[Qgis-user] Correcting river flow

Nicolas Cadieux nicolas.cadieux at archeotec.ca
Sun Apr 14 21:43:38 PDT 2019


Thank Nyall, 

I will play with this tomorrow.  I knew for the dissolve tool that is a bit extreme as it basically make one single huge object (there goes the database!) but not the split with line tool.  I think I used multipart to single part to achieve a similar result and had so far extract the first and last nodes.  Your method will be faster and simpler I think.

I will definitely try the QGIS drape tool and your algorithm.  I will adapt it to also flip the line direction. That will force me to get to use python in QGIS rather than using python alone.

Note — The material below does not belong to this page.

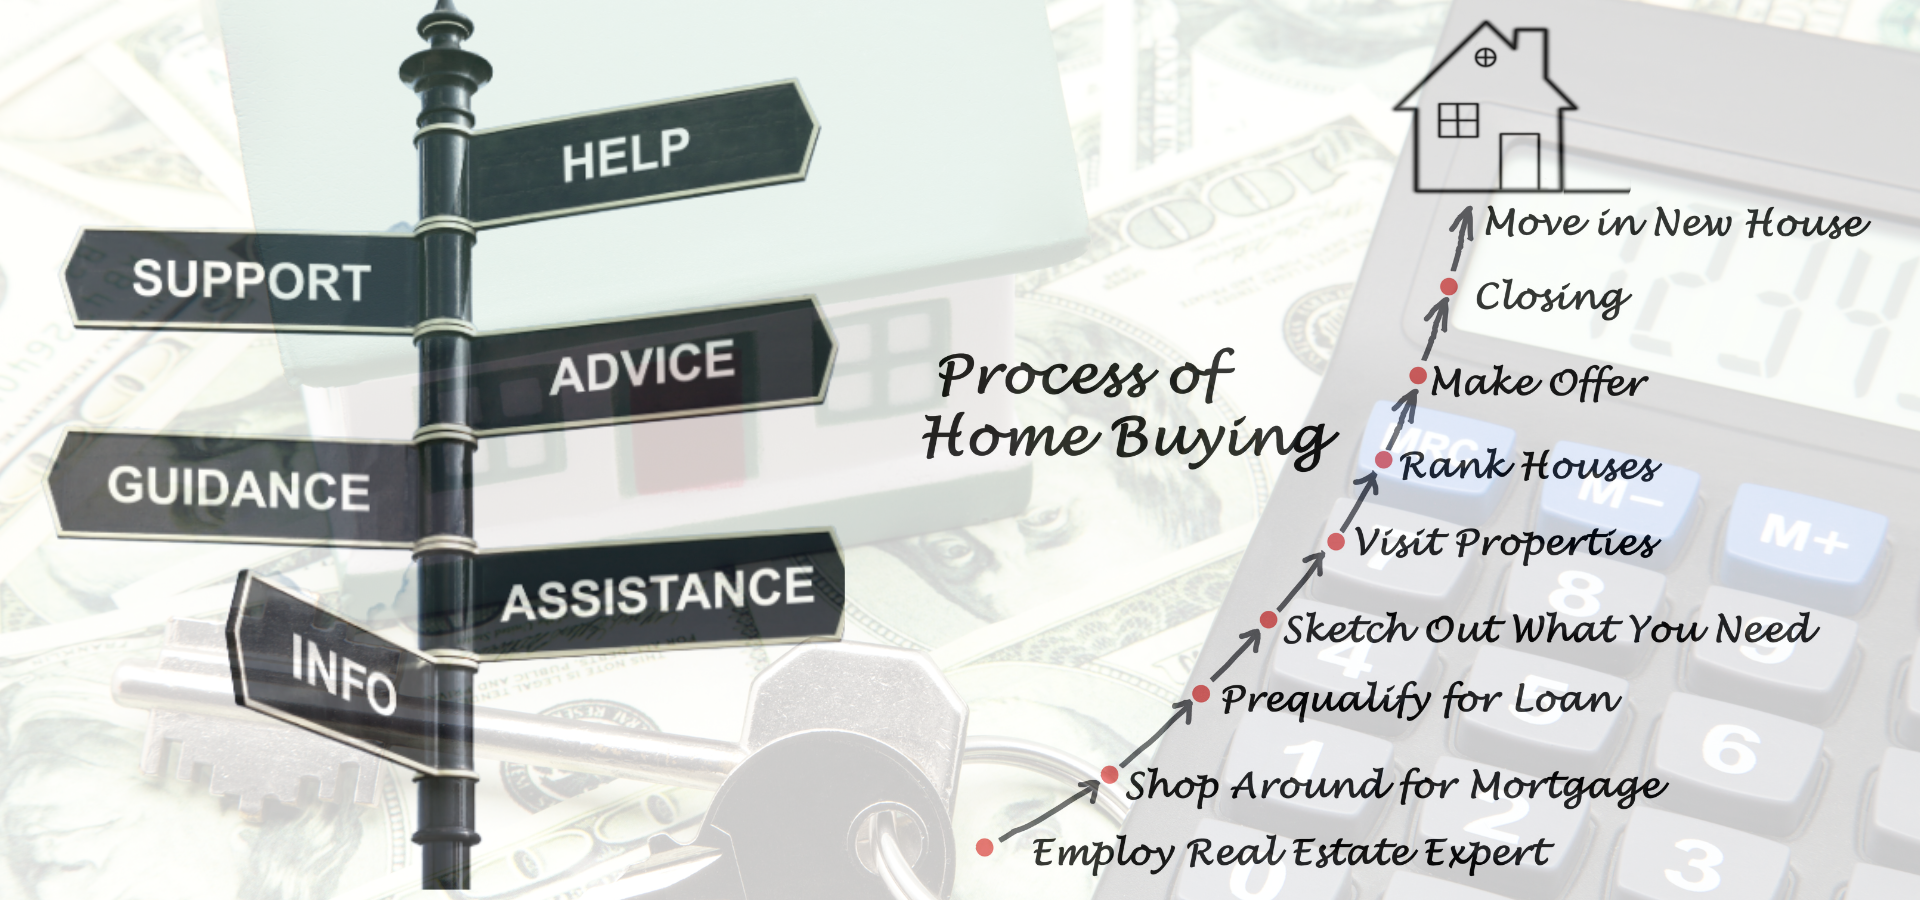 Process Of Home Buying

I will have more questions tomorrow concerning networks.

Thanks all of you.
Nicolas



> Le 14 avr. 2019 à 20:50, Nyall Dawson <nyall.dawson at gmail.com> a écrit :
> 
> On Sun, 14 Apr 2019 at 21:12, Nicolas Cadieux
> <nicolas.cadieux at archeotec.ca> wrote:
>> 
>> Hi Micha,
>> 
>> Great ideas, thanks.  I was trying to get the v.drape to work in Qgis but I was getting errors.  I figure it’s bad topology.  I will fix it and try again directly in Grass.
> 
> Try using the native QGIS "drape" algorithm, no need for GRASS here.
> 
> Then you could use field calculator with an expression like:
> 
> z(end_point($geometry)) < z(start_point($geometry))
> 
> This will be true for any lines digitized in an overall "downstream"
> direction, or false for lines digitized "upstream"
> 
>> That has not easy as the vectorizing was done in very small sections.  I was surprised to see so little merging tools that could deal with this without manually selecting the lines.  I tried with an old Qgis 2.18 plugin but it was not working properly.
> 
> Use the inbuilt Processing tools "dissolve", followed by "split with
> lines". This will join all your linestrings into sections which are
> split whenever two or more lines intersect (e.g. a fork in the river).